College is not simply a business enterprise or even a nonprofit entity. It really is a very important national treasure, oftentimes for the country. Sweet Briar fills a very important role in education of women. Today there are a lot of women on university campuses. In fact, there are more women than there are men in universities. But there is a role to be fulfilled by all-women’s institutions, which provide truly empowering education for that small segment of women that could really benefit from it. And so for me, it was a belief that this institution has the right backbone, right building blocks, and that with some creativity and imagination, we can make it work.

And about that creativity and imagination: You made several changes to the college during your time as president, some that may have helped its longevity. What do you think were the most impactful changes?

One is the kind of change that is business-oriented, that is done immediately, in order to make ourselves sustainable. So the very first thing I did might be called a very comprehensive reset of the college — academically, financially and budgetarily. 

Academically, this meant getting rid of all of our gen ed and creating a new kind of gen ed, in the form of a very tightly structured women’s leadership core curriculum that speaks to the excellence of the liberal arts, but being very much intentional in generating women leaders going forward through four years of very good education. 

In order to attract students, we decided to change the regime of our finances. So instead of having a regime of very high sticker price, and very high discount rate, we decided to make our tuition very transparent, but also deploy more than 200 different endowment accounts for scholarships to provide reasonable merit scholarships for our students. And so that was a very radical change that entailed a tuition reset, of close to 40%, in terms of reduction in tuition, to make our tuition affordable. 

When I first came here, we had less than 200 students. And we had 85 faculty members with 45 majors. And so we reduced the number of majors by half, and also made adjustments in faculty and staff size, in order to make it proportional or appropriate for the student body that we had. None of this was very easy.  

The second set of changes were much more structural, and those consist of two things. 

One was creating a five-year action plan, step by step, to try to accentuate things that Sweet Briar is or could be arguably better at than anybody else. And the other one was working on the infrastructure of the college. 

For the five-year plan going forward, we emphasized five things that we can be truly distinguished in. One is the agenda of making our core with a leadership curriculum as good as it could be. 

Two, to make our efforts with sustainability very cutting edge. And this is a very interesting thing, because Sweet Briar’s campus is arguably one of the most beautiful in the country.

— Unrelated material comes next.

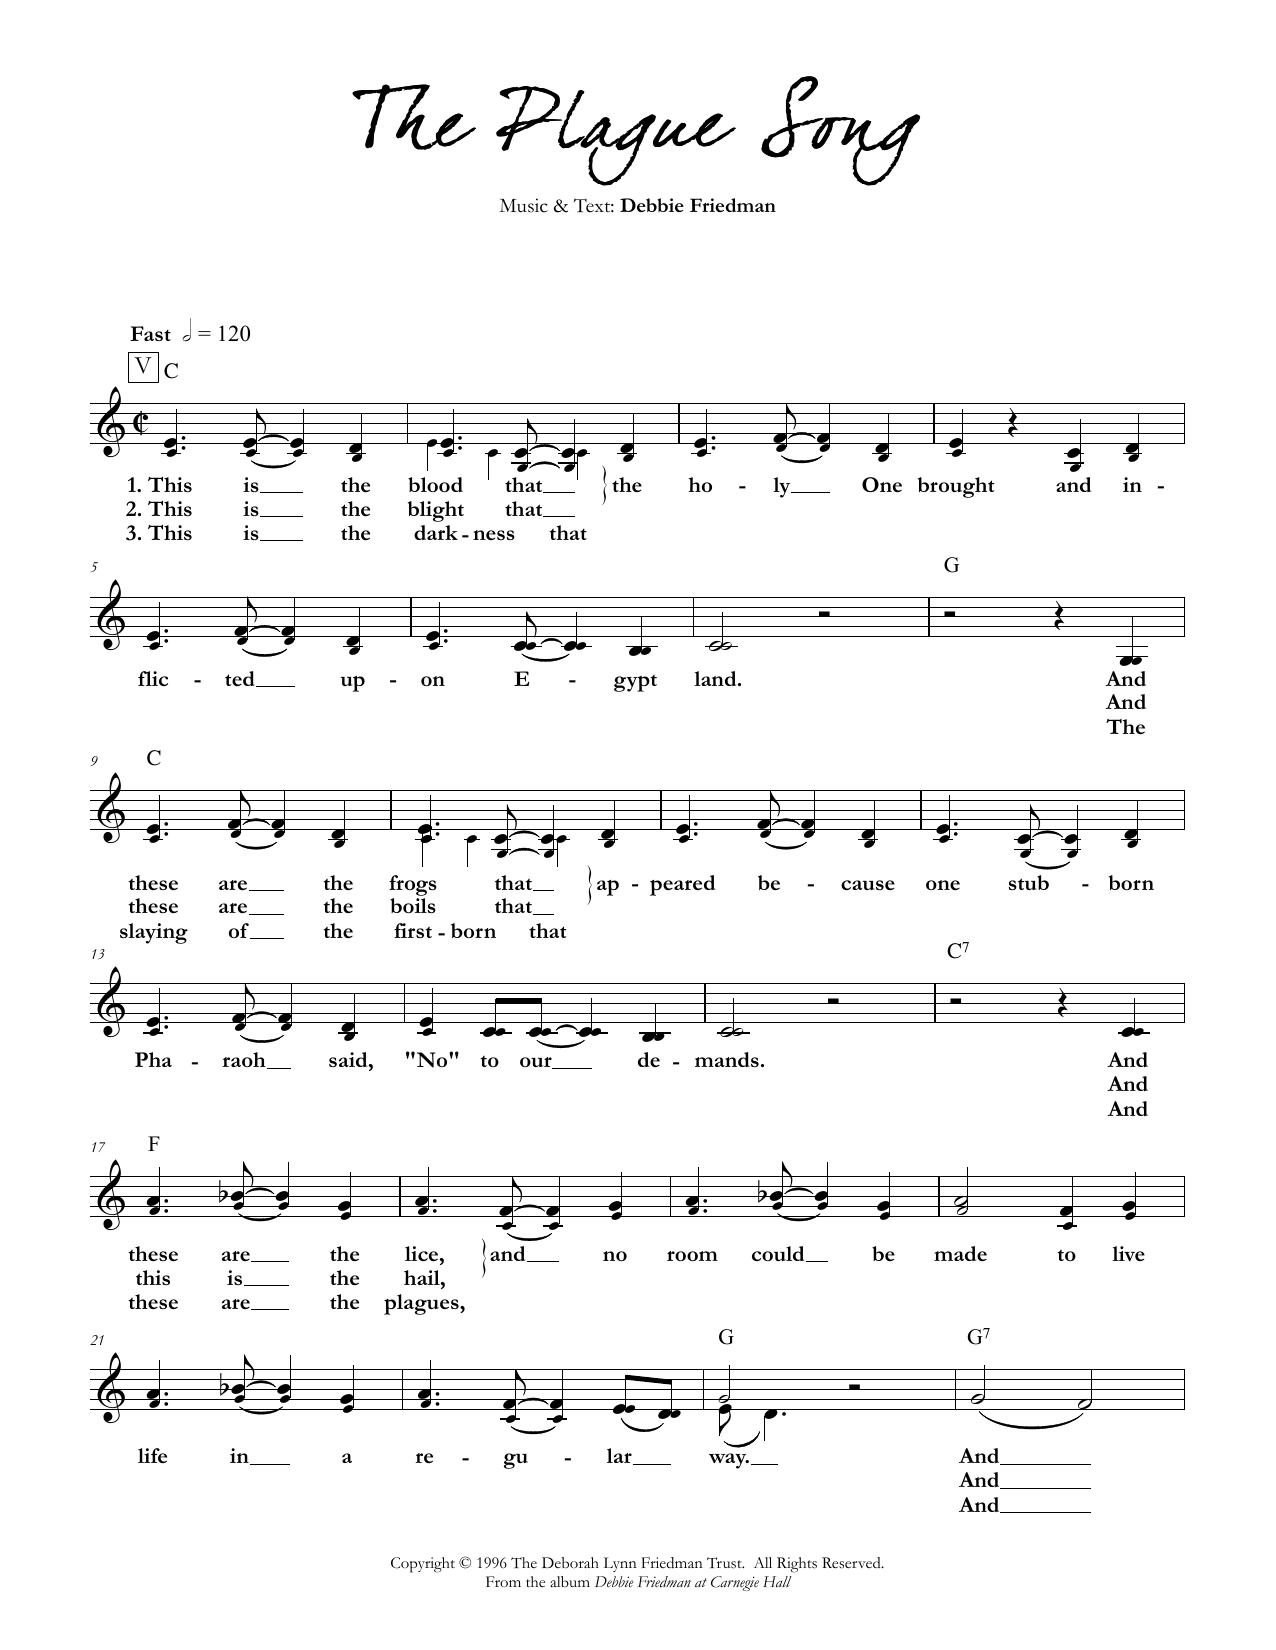 Debbie Friedman - The Plague Song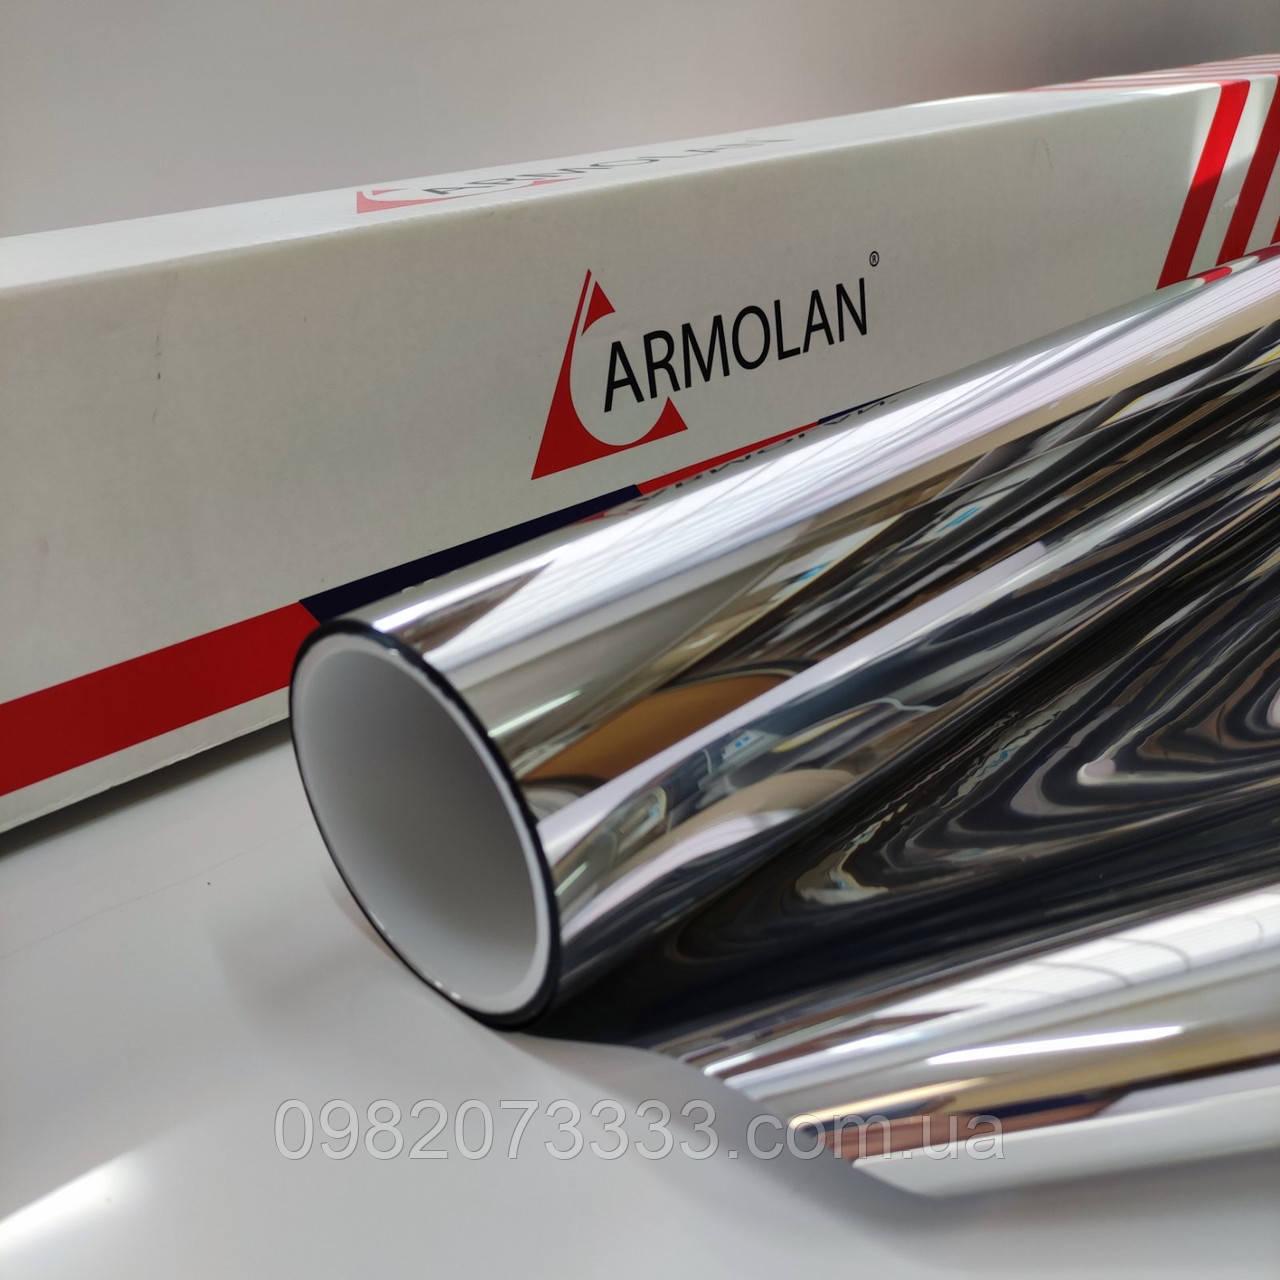 Сонцезахисна плівка Armolan Silver 15% USA дзеркальна для тонування вікон. Ціна за розмір 150х100см.

The third thing is that we are the only engineering program fully ABET accredited, which only has women students in the classroom. In a classroom without misogyny and intimidation, our students thrive.

The fourth thing that Sweet Briar is really good at, we have the oldest equestrian program in the nation. By far the best equestrian program among liberal arts colleges. We are going to honor that legacy by building meaningful academic programs around it. So that it can be a program that’s really comprehensive in terms of athletics, career paths, as well as academics. 

And then finally, the effort to make Sweet Briar into a destination in Virginia and in the nation.